Hi Dave - kinda depends on which table you have unless you are building your own. Rockler has a predrilled plate for that router, see group B
Rockler Router Table Plates - Rockler Woodworking Tools
Please note the outside dimensions of the plate though, 8 1/4 x 11 3/4. I think it is made to fit the Rockler or the Bench Dog tables. MLCS tables use a 9 x 12 plate and most of the rest are 9 1/4 x 11 3/4. Doesn't matter if you are building the table and cutting your hole to fit the plate but if your table is already cut out, It can be a PIA.


----------



## copper1 (May 21, 2011)

I bought this router with plan of mounting it to my table saw. It came with Jessem router lift(Powermatic)--They have a master plate that fits all routers but this one. I could find no solution including from Jessem. Mount my larger Freud router instead. Very frustrating.


----------



## jschaben (Jun 21, 2009)

copper1 said:


> I bought this router with plan of mounting it to my table saw. It came with Jessem router lift(Powermatic)--They have a master plate that fits all routers but this one. I could find no solution including from Jessem. Mount my larger Freud router instead. Very frustrating.

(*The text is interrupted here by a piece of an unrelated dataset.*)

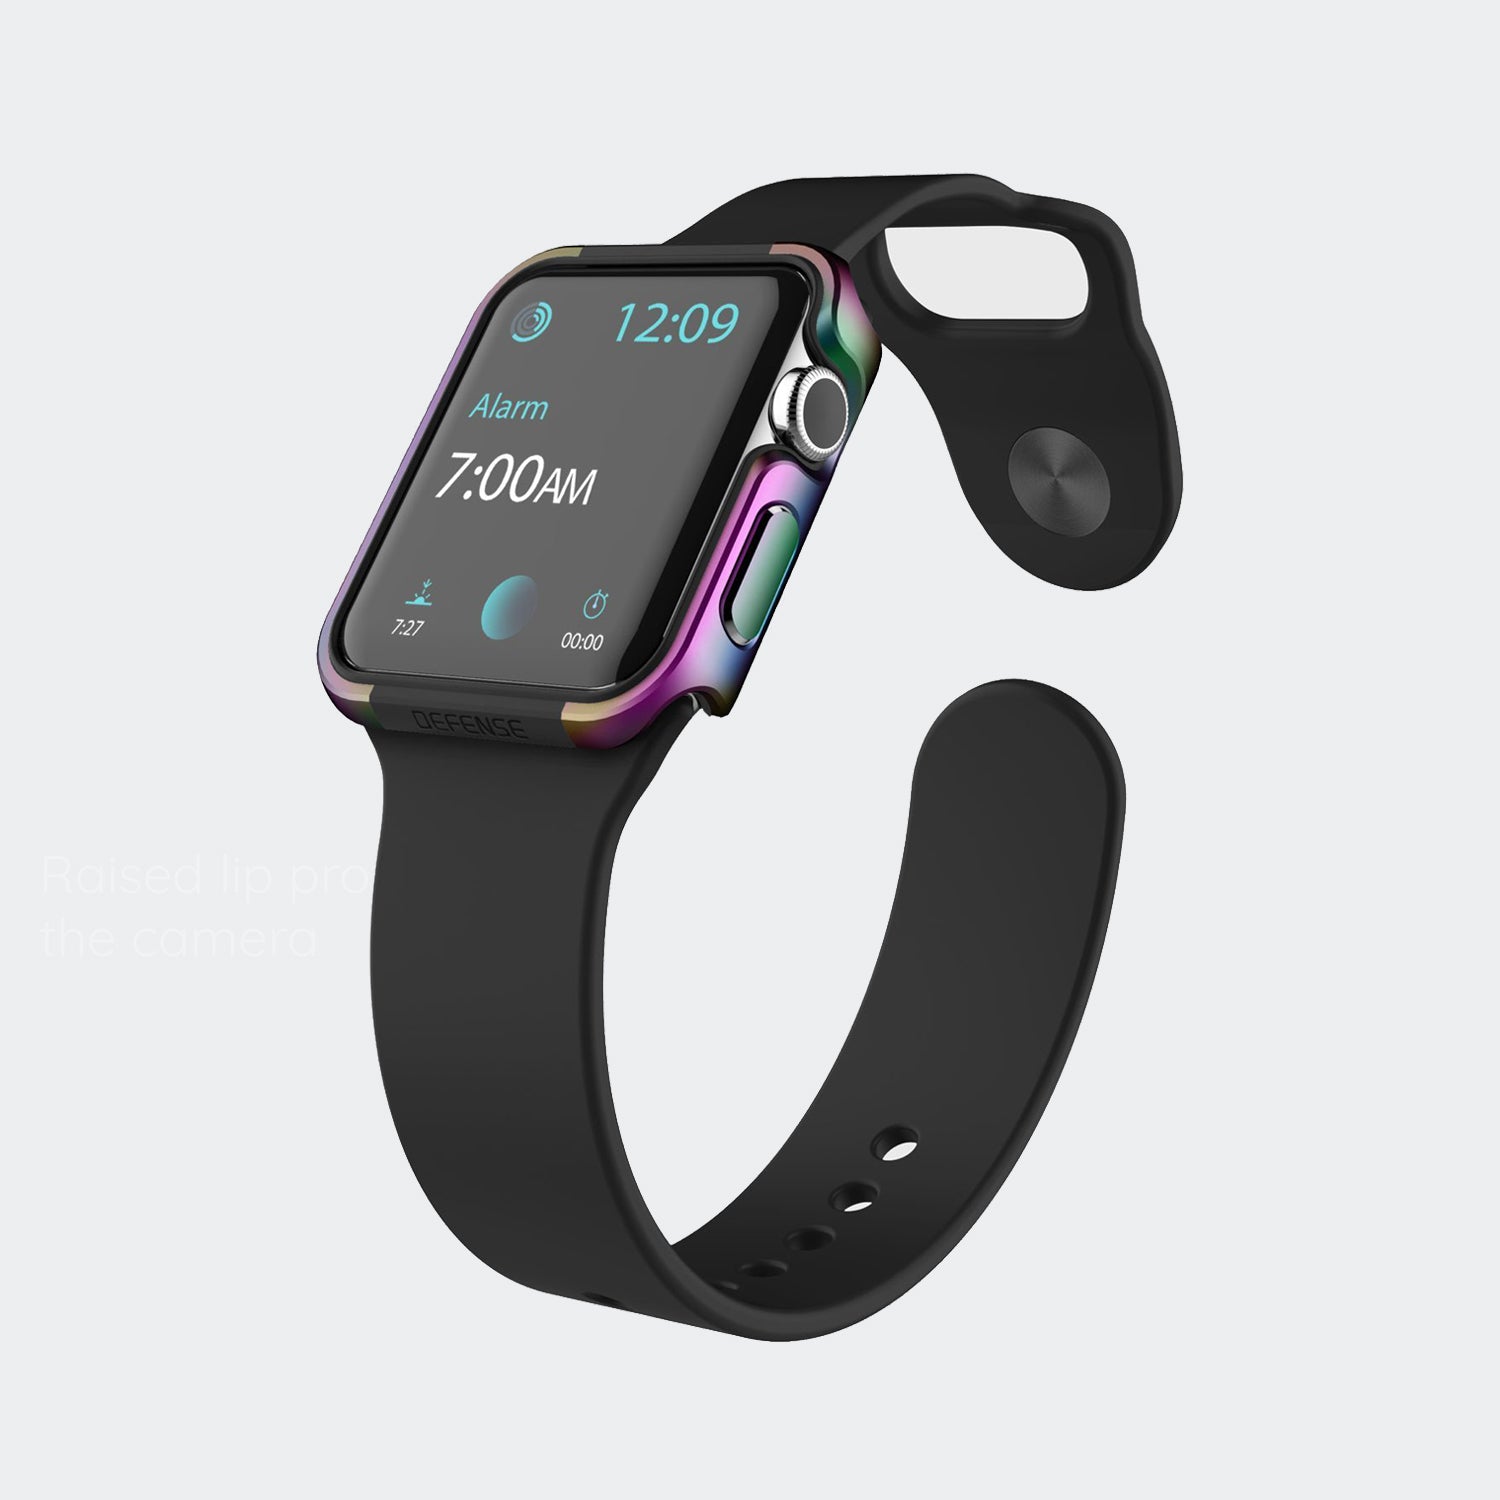 A Raptic Apple Watch 42mm Case - EDGE with a rainbow colored band that protects it.

Hi Darwin - May I ask specifically what happened with the template that came with the router, you said it was "defective"?

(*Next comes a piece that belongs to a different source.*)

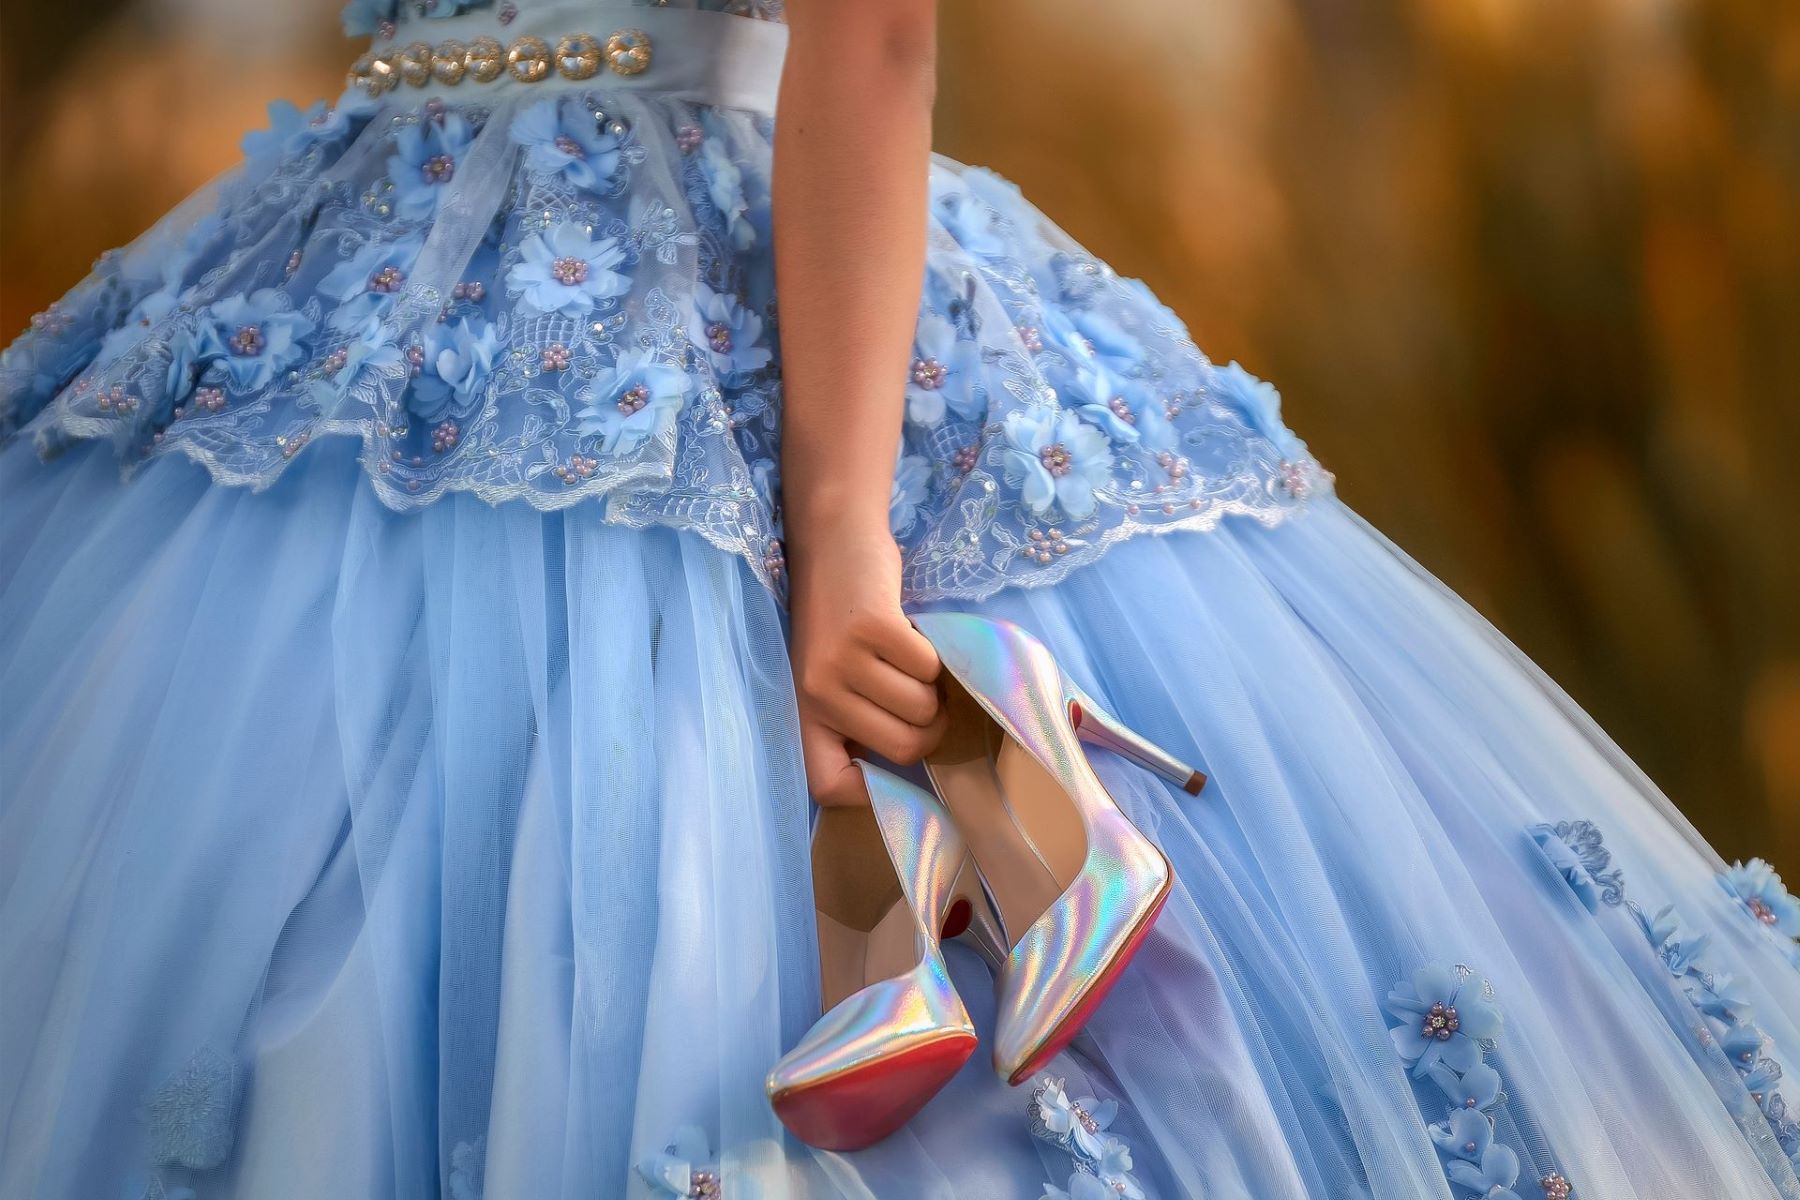 Wearing A Quinceañera-Style Dress For My Sweet 16: Potential Conflicts And Considerations

Also, I'm not familiar with the Jessum Lift. Can you use another plate with it? Woodhaven does offer a 9 1/4" x 11 3/4" plate and offer a drilling service for the 1700 for an extra $20.
Router plate:
http://woodhaven.com/Woodhaven-147-Large-Insert-Plate/M/B001NZ0MN6.htm

Drilling service:
http://woodhaven.com/Woodhaven-Plate-Drilling-FreudFT1700-wlift-hole/M/B002LU075U.htm


----------



## copper1 (May 21, 2011)

The Powermatic saw came with the Jessem router lift. The attaching plate had screws for many routers but not this one. Jessem and Powermatic had no answer. Also the Jessem plate is larger than other plates making changing routers and plates impossible. I don't think Jessem makes a blank plate


----------



## jschaben (Jun 21, 2009)

copper1 said:


> The Powermatic saw came with the Jessem router lift. The attaching plate had screws for many routers but not this one. Jessem and Powermatic had no answer. Also the Jessem plate is larger than other plates making changing routers and plates impossible. I don't think Jessem makes a blank plate


Well, you haven't told us but I'm guessing you have the original Mast-R-Lift where the router mounts to a predrilled ring. Is that correct?


----------



## copper1 (May 21, 2011)

jschaben said:


> Well, you haven't told us but I'm guessing you have the original Mast-R-Lift where the router mounts to a predrilled ring. Is that correct?


I'd like to check but my saw is far away in dry storage because the Missouri river made me move power tools to dry lane. I think it is the mast-r-lift - the router is attached to th Master Plate and then to the lift. None of the predrilled holes match. Hopefully, this is old info and they make a Master Plate that works.


----------